EXERCISE OBJECTIVE - Only the pictures are dropped. Restate each line below word for word.

SUPPLIED INFORMATION -
Start of Block

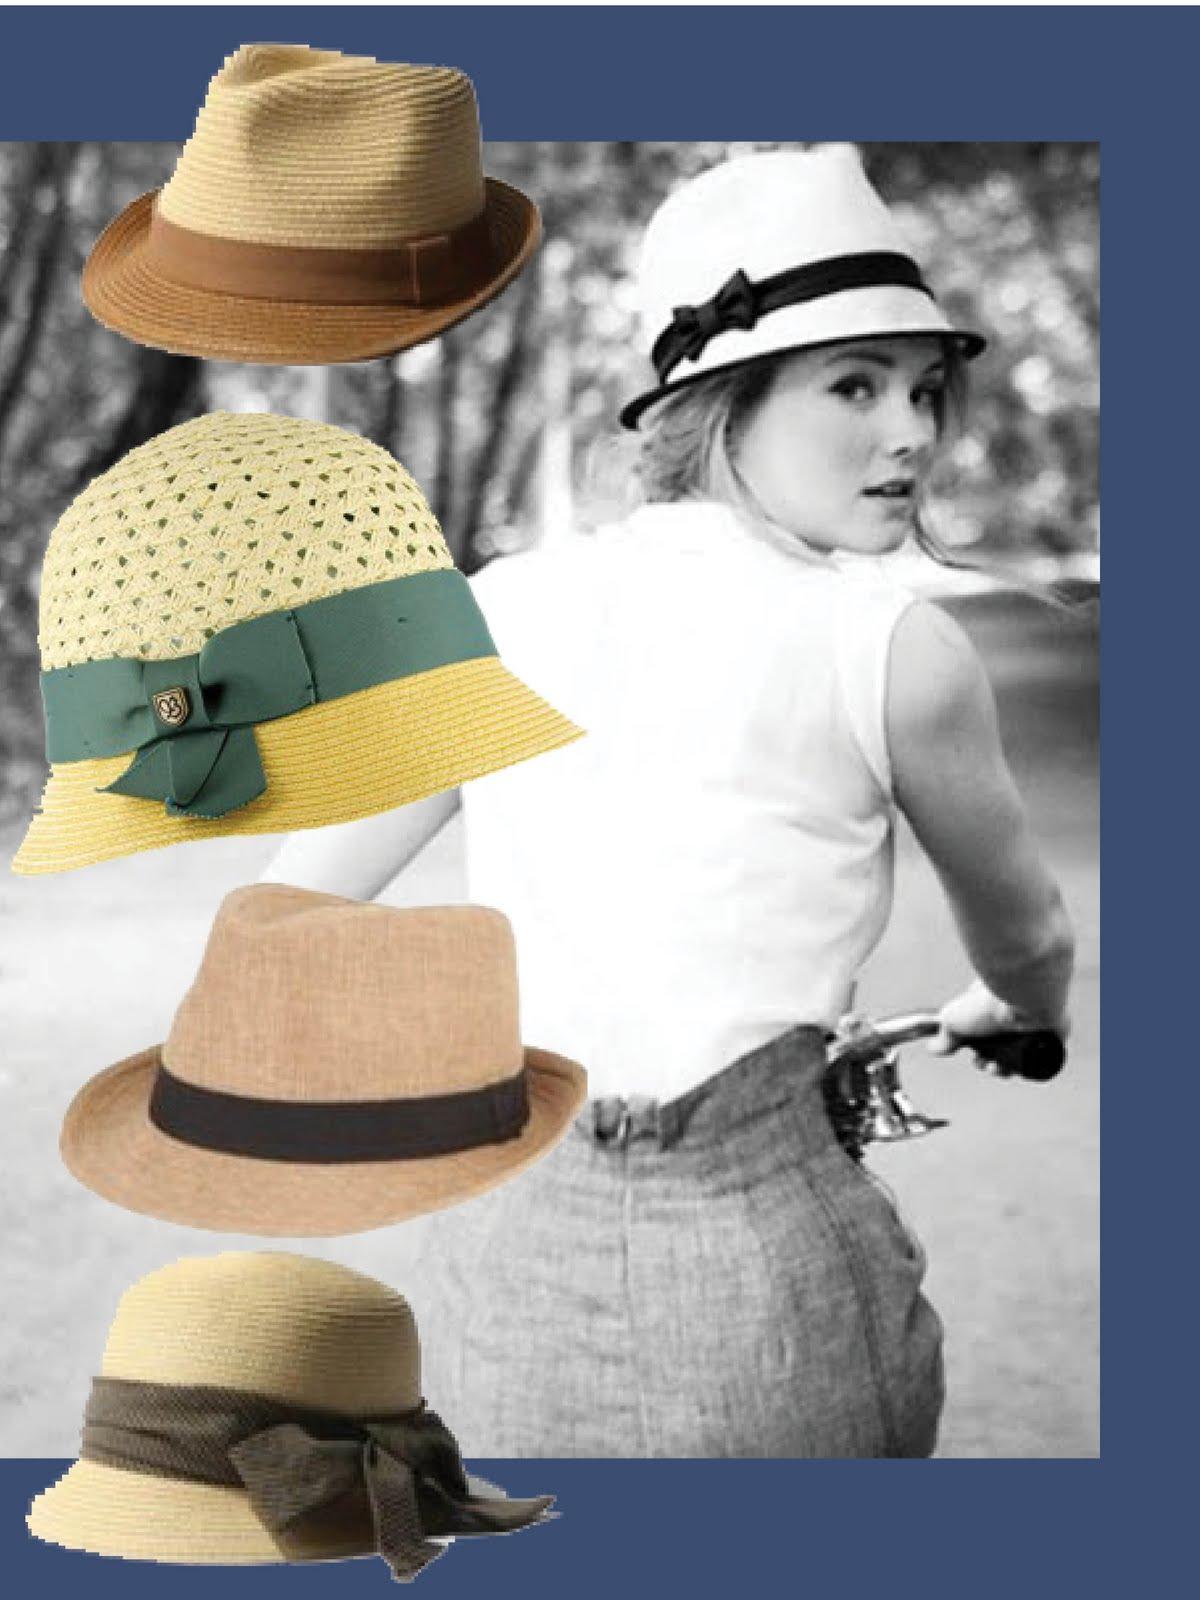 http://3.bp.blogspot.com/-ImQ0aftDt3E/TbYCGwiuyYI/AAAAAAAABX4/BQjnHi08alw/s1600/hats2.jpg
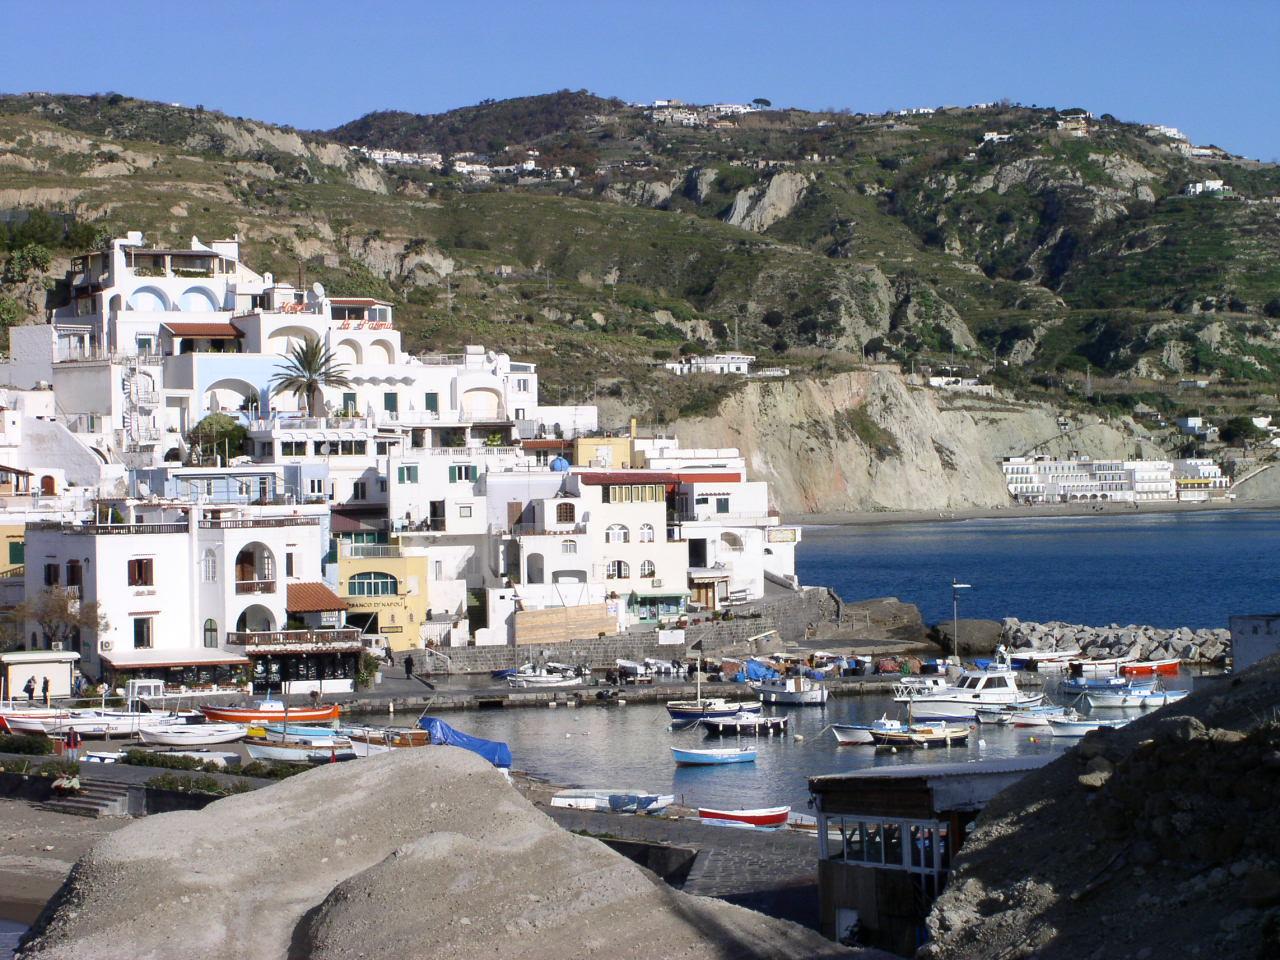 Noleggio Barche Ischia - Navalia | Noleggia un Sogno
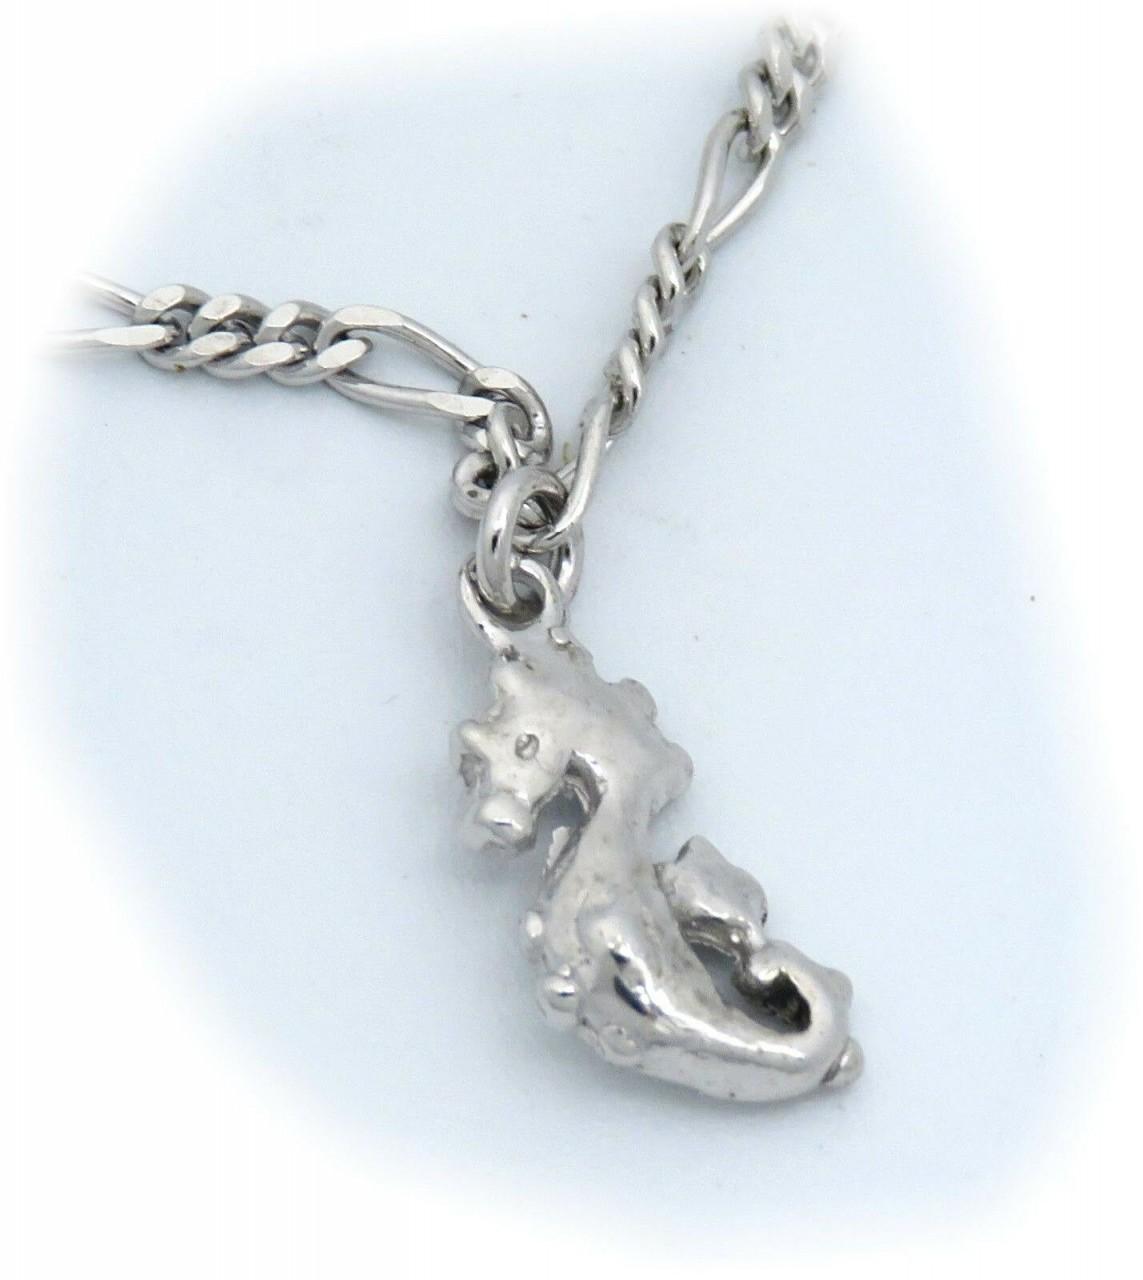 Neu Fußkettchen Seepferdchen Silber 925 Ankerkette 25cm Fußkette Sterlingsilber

End of Block

FINAL ANSWER -
 http://3.bp.blogspot.com/-ImQ0aftDt3E/TbYCGwiuyYI/AAAAAAAABX4/BQjnHi08alw/s1600/hats2.jpg
 Noleggio Barche Ischia - Navalia | Noleggia un Sogno
 Neu Fußkettchen Seepferdchen Silber 925 Ankerkette 25cm Fußkette Sterlingsilber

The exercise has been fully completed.